**ACTIVITY:** Reproduce only the lines below from the line containing "Patanjali Aloevera Kanti" to the line containing "pferde kaltbl ter", exactly as written, with both end lines kept. Omit the pictures.

**DATA FOR THE TASK:**
##############################

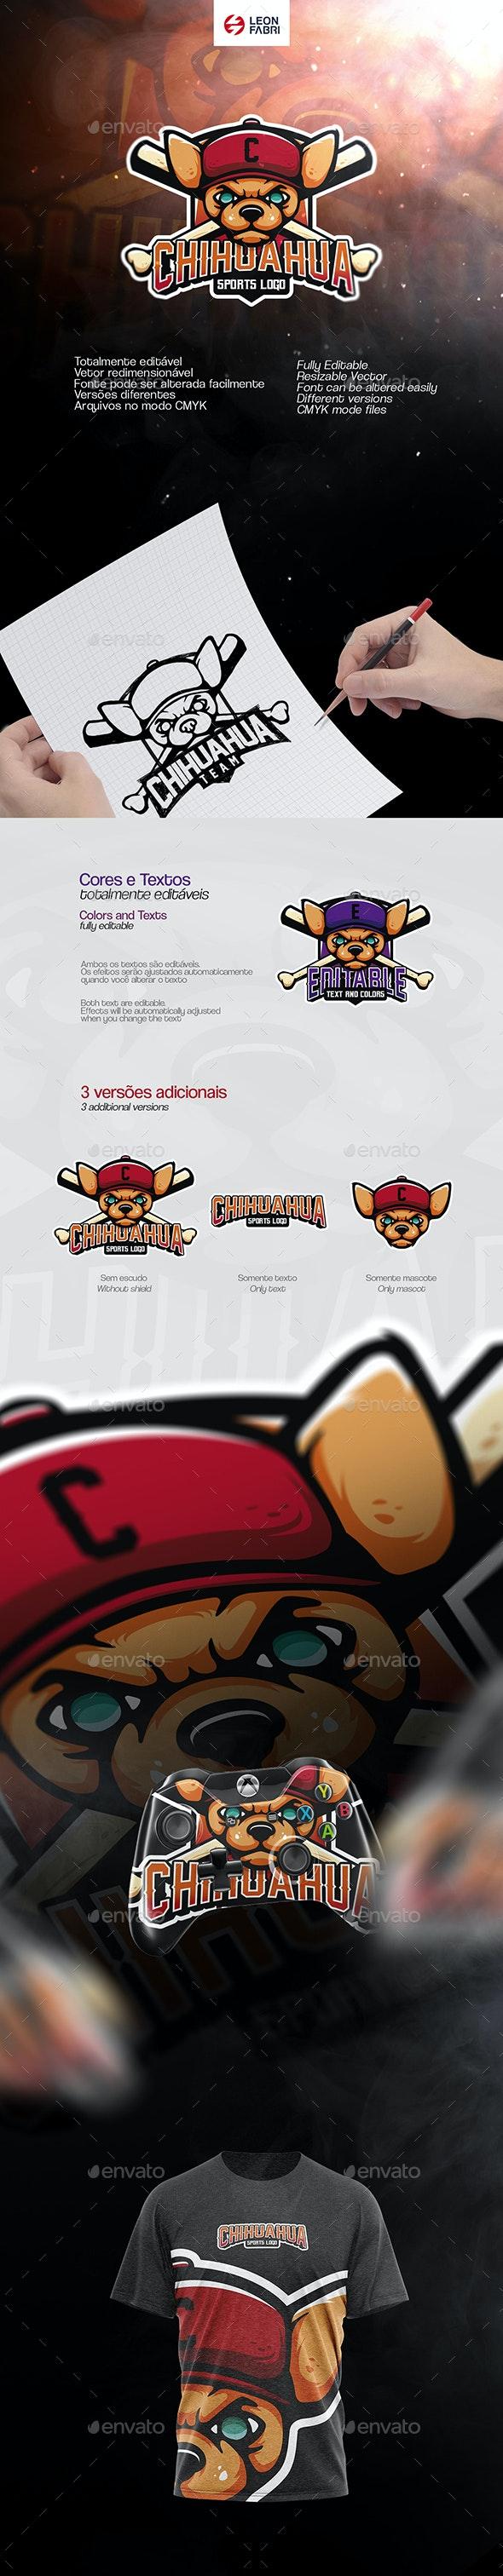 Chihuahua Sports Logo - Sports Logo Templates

##############################

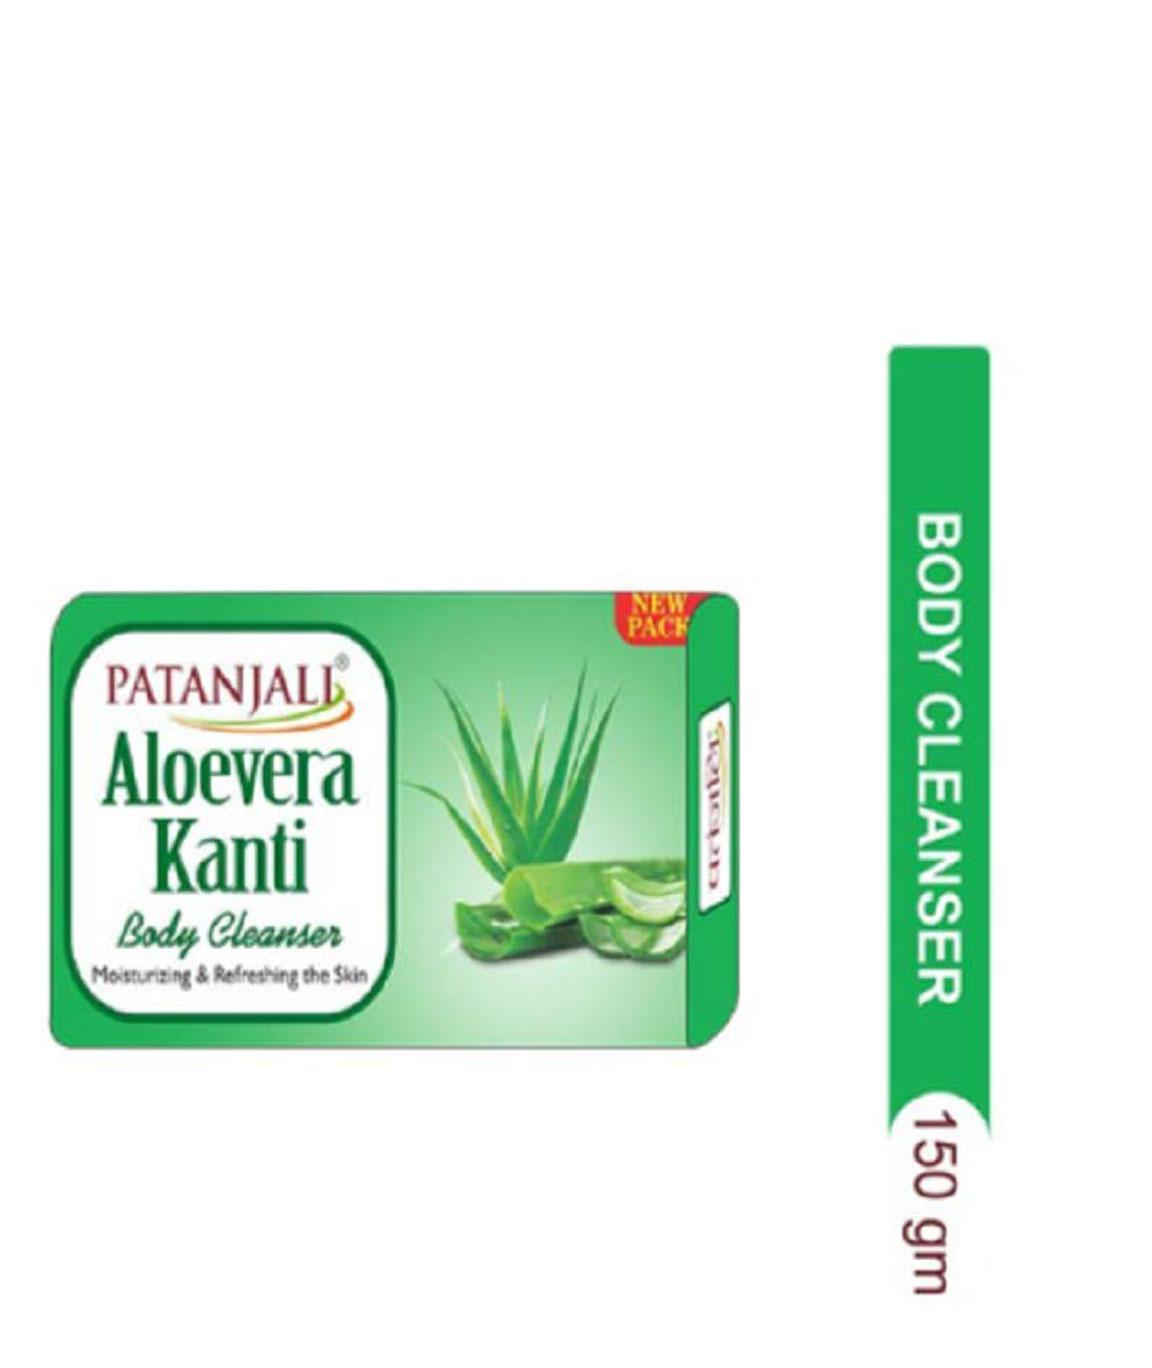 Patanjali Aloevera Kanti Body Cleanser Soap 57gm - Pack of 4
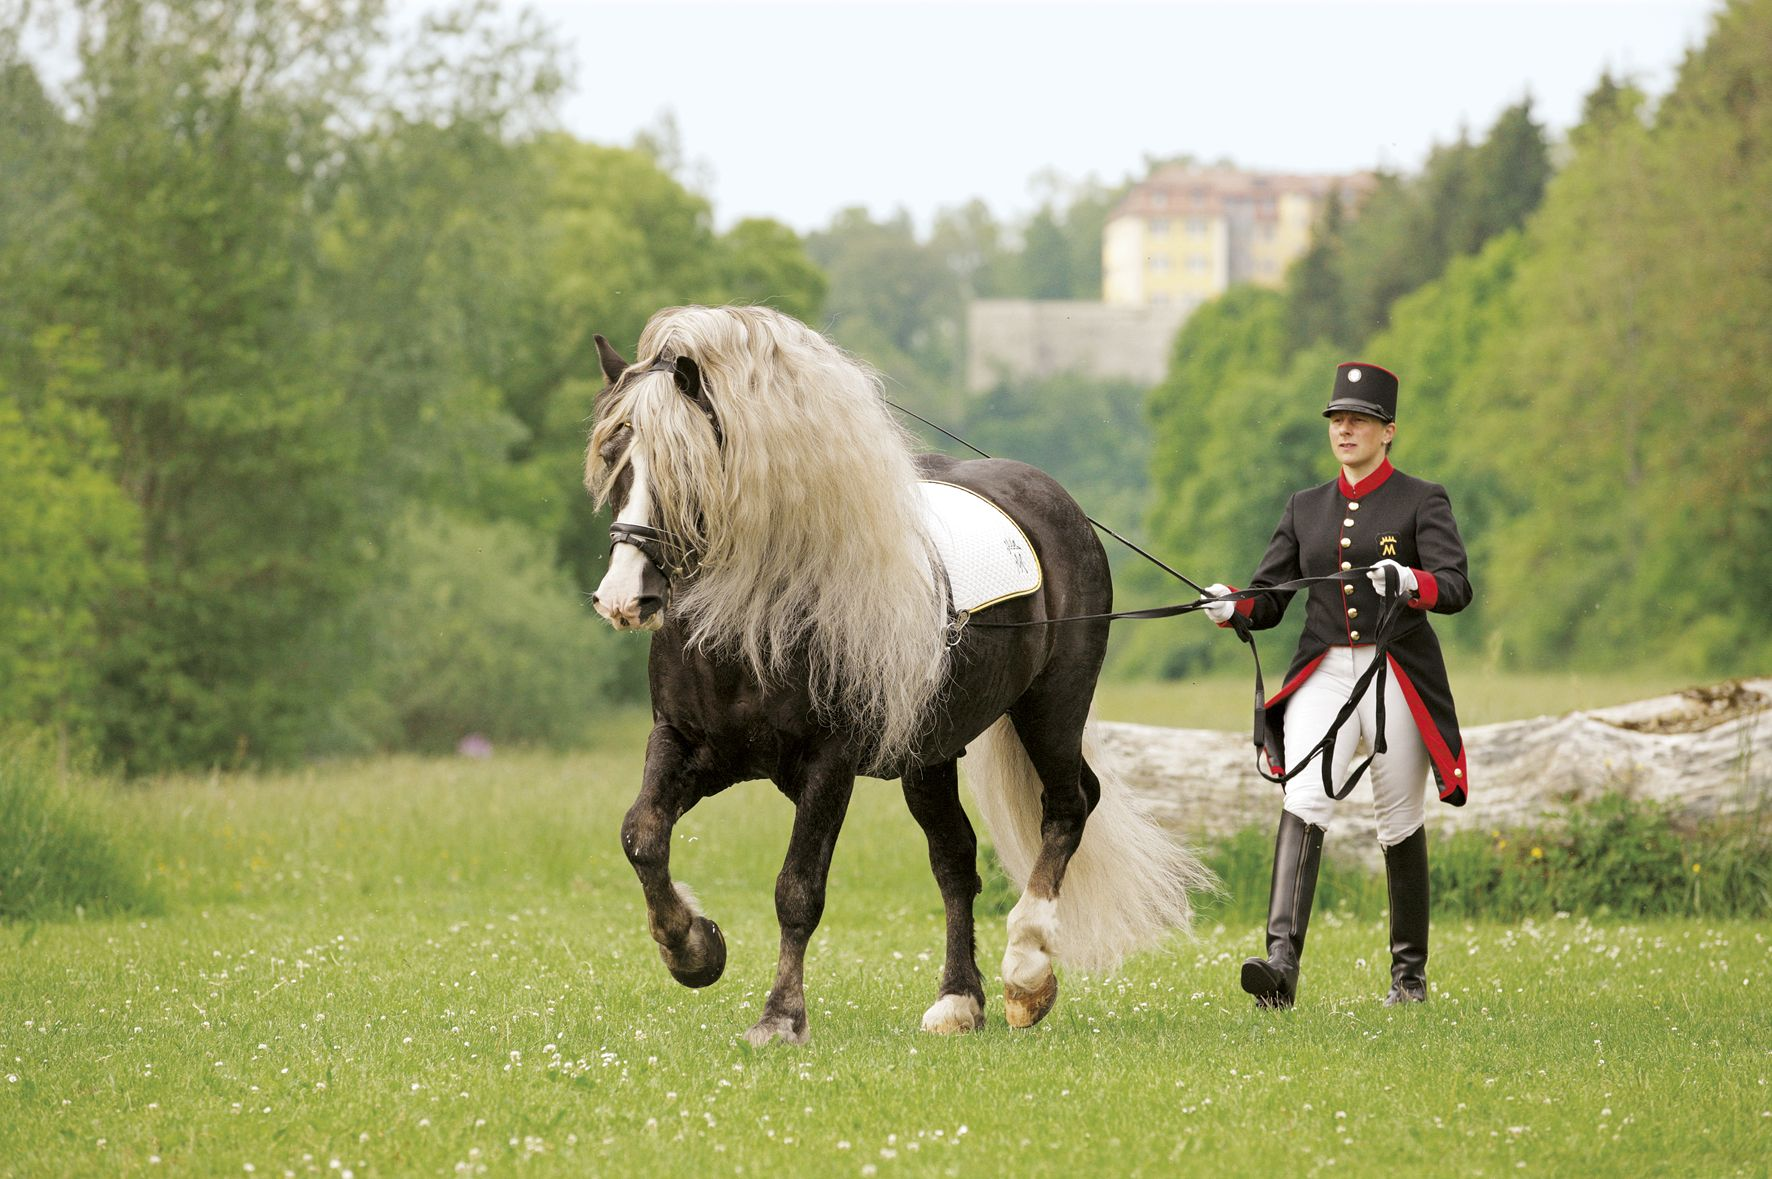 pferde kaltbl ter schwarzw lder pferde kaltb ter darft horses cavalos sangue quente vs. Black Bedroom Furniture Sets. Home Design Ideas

##############################

**RESPONSE BOX:**
 Patanjali Aloevera Kanti Body Cleanser Soap 57gm - Pack of 4
 pferde kaltbl ter schwarzw lder pferde kaltb ter darft horses cavalos sangue quente vs. Black Bedroom Furniture Sets. Home Design Ideas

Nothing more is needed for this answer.